This alternative solution does have some side effects, such as all the changes need to happen on the synchronized side. In our example, changes to the product – category relation must be entered on the category item. As these side effects are not intuitive and could potentially create confusion, it is safer to customize the synchronization job directly, as discussed above.

Prices 

Sometimes, prices are managed outside of SAP Commerce Cloud. The cart and order calculation, however, still occur in SAP Commerce Cloud. In this situation, it doesn't make sense to import the prices into the staged catalog version and synchronize them to the online version since the prices are managed in a separate environment. Also, this additional price synchronization:

  • Takes unnecessary space in the database
  • Considerable slows down the synchronization process
  • Marks synchronized items as unsynchronized in the case of a manual synchronization (for example, changing PriceRow marks its product as modified for synchronization purposes)
  • Forces business users to make changes to the product content quickly in order to be able to publish new prices quickly

The recommended practice is to store PriceRows independently with a loose coupling to the product (see Decoupling PDTRows from Product).

Media

Similar to prices, media are often managed outside of SAP Commerce Cloud, especially for media conversion. If a project requirement is such that media conversion is done by an external system and attributes such as URL are also managed by another system, it is much better to create a separate media catalog with just one catalog version. This way, when a product catalog is synchronized, media items are not cloned from staged version to online version. In a large product catalog, since typically there are multiple media per product, the number of media items can become huge. In such situations, having catalog-aware product media items can present significant performance challenges.

Performance

There are ways to improve catalog performance: 

  • Set the number of parallel threads to two times the number of cores in your system (and monitor performance).
  • Avoid ordered relations.
  • Avoid synchronization of media, PriceRow, DiscountRow and TaxRow if possible (see above).
  • Remove types and attributes that are not used by the project from the synchronization.
  • Make sure you have the right indexes in place on unique attributes (see Logging Database Statements to confirm).
    • CatalogVersionSyncJob.checkCatalogVersionValidity() performs duplicate checks on every root type to ensure the correct state of the catalog version before starting actual synchronization. On a large data set, this is an expensive query. If unique database indexes are in place, these duplicate checking SQL queries are redundant and create unnecessary load on the database, especially in a large catalog. In such case, default CatalogVersionSyncJob implementation can be overridden to disable duplicate checking behavior for certain root types within a particular catalog.

Part-of vs Root Type

An important part of configuring synchronization is defining the attributes that will be synchronized. Simple types are easy. Their values will be copied across to the target item. Item references that are catalog version-unaware are also easy as the primary key (PK) value of the referenced item will be copied across.

In some cases, there will be attributes that are catalog-aware item references. This means synchronization cannot simply copy the PK value because there needs to be a corresponding target Item.

Synchronization logic needs to consider these attributes so that target Items are created and correct target items are referenced. There are two ways to achieve this.

Part-of Configuration

Part-of configuration is used to make sure that any attribute of a type that is subject to synchronization (that is catalog-aware - matching items in staged and online catalog versions) is properly handled even if the target items do not exist in the target catalog. It works for partial synchronization as well as full synchronization.
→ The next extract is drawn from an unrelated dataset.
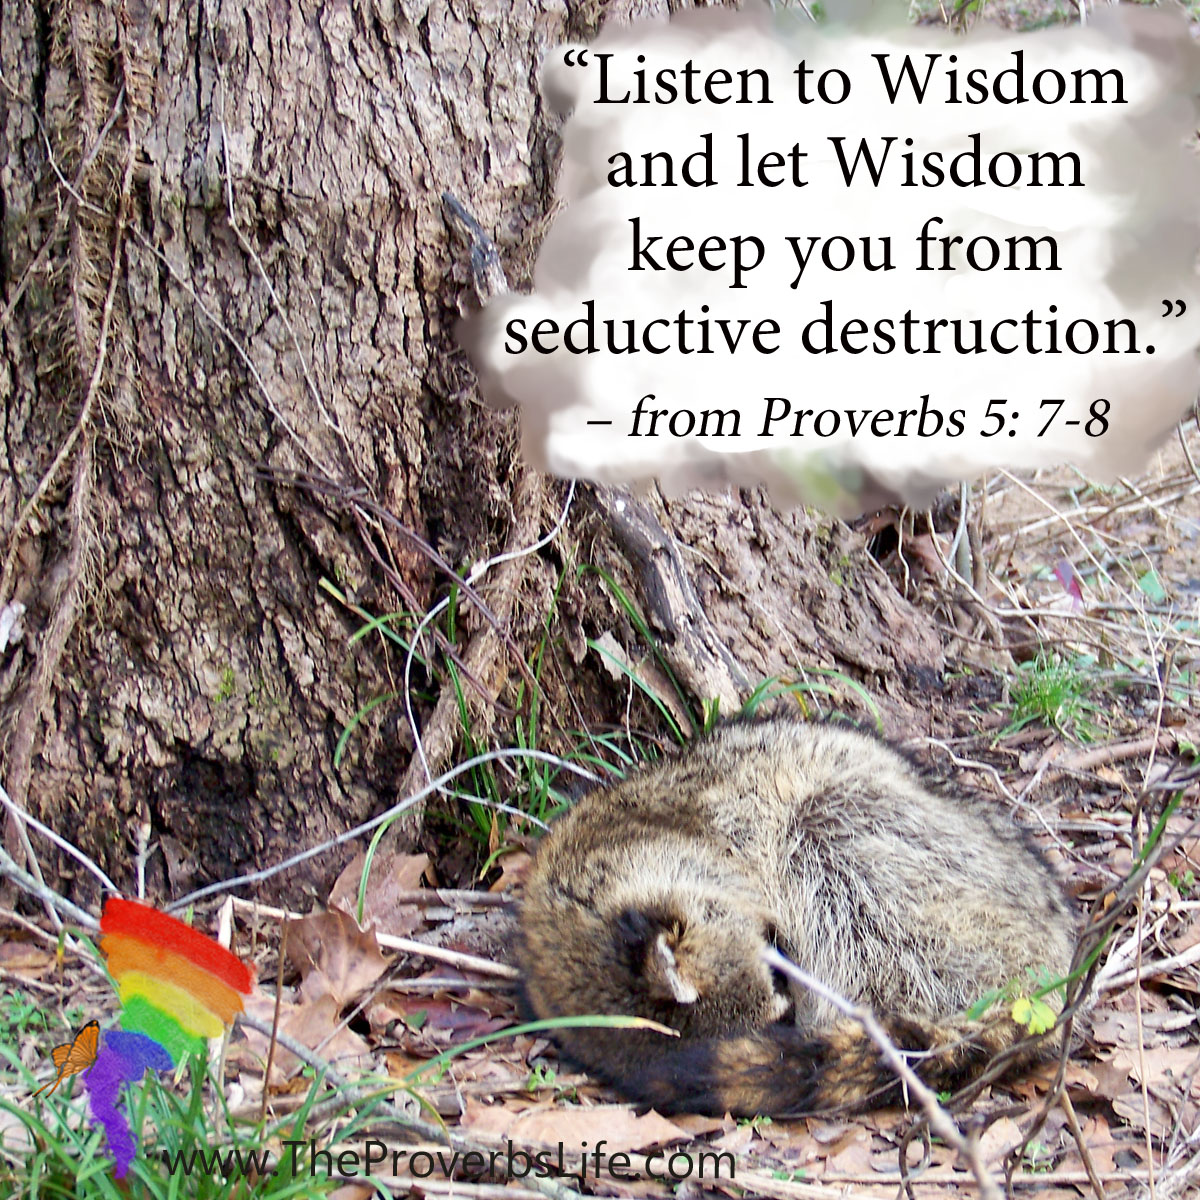 Scripture Focus - Proverbs 5:7-8

Part-of configuration is done by editing the SyncAttributeDescriptorConfig item for the attribute. "Copy by value" is a boolean value that determines the part-of configuration. If it is set to yes, the attribute is "part-of" the enclosing type. "Untranslatable value" which is next to it is also significant in the sense that it affects the resultant behavior. The following table summarizes the resultant behavior with different combinations of the two values.


Copy by value = yes Copy by value = no
Untranslatable value=yes

Attribute value in the target item will be cleared.
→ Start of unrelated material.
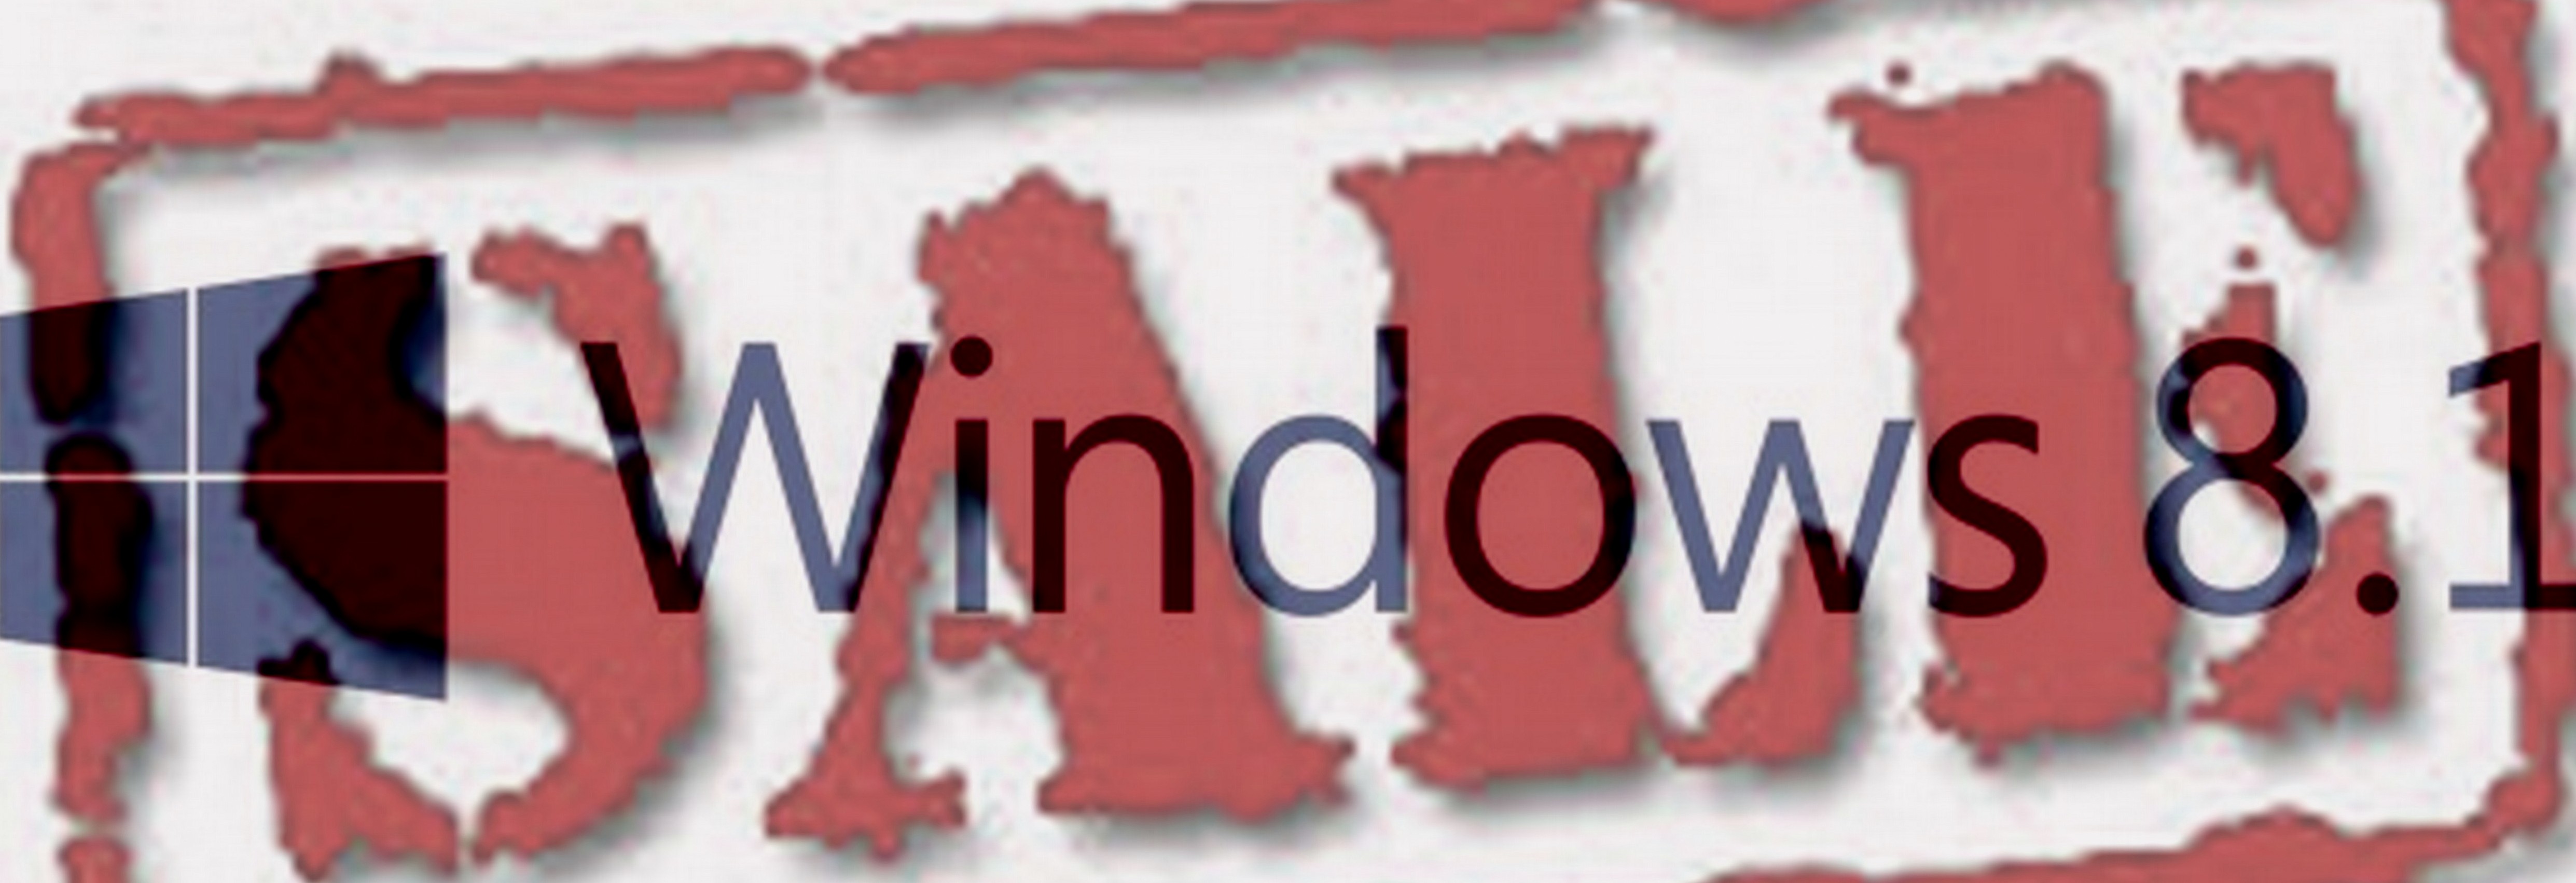 Windows_8.1

For a reference, it will be null, for a collection it will be empty.

Attribute value in the target item will point to the same PK as in the source item.

That is, the PK won't be translated to the corresponding item in the target catalog version.

For example, online products will hold the reference to media items in the staged catalog version.

Untranslatable value=no

normal part-of behavior

In order words, missing items are created in the target catalog version

Synchronization will attempt to translate the PK to the corresponding Item in the target

Catalog version if the type of the attribute is catalog-aware.  In the case where the matching Item does not exist, it will fail (that is, the attribute will not be synchronized)

Root Type Declaration

An alternative way is to define the type as one of the root types. Root types are applicable in a full catalog version synchronization context only. Synchronization will loop through each root type in the order they are defined and will make sure that any item in the source catalog version is created in the target catalog version. You should define a root type if the type is more or less an independent, stand-alone type that can exist without being referenced from another type. Refer to Synchronization of Custom Item Types for detailed instructions on how to create a new root type.

Troubleshooting Failure

A message like the one shown below is often found in the log when synchronization jobs fail. Often, this error means that for one or more catalog version-aware reference attributes could not be translated (in other words, the target item could not be found and its type was not declared as a root type and the attribute was not configured as part-of).


[CatalogVersionSyncJob] Finished synchronization in 0d 00h:00m:00s:442ms. There were errors during the synchronization!


The synchronization csv dump file can be useful to find the problematic attribute. The columns in the csv file are ordered as per the table below. The table shows that there was an error translating the "products" list attribute from the source item to the target item. Assuming that products are of the collection type, if any one of the items in the collection could not be translated, the attribute will be marked as pending and its value would not be synchronized.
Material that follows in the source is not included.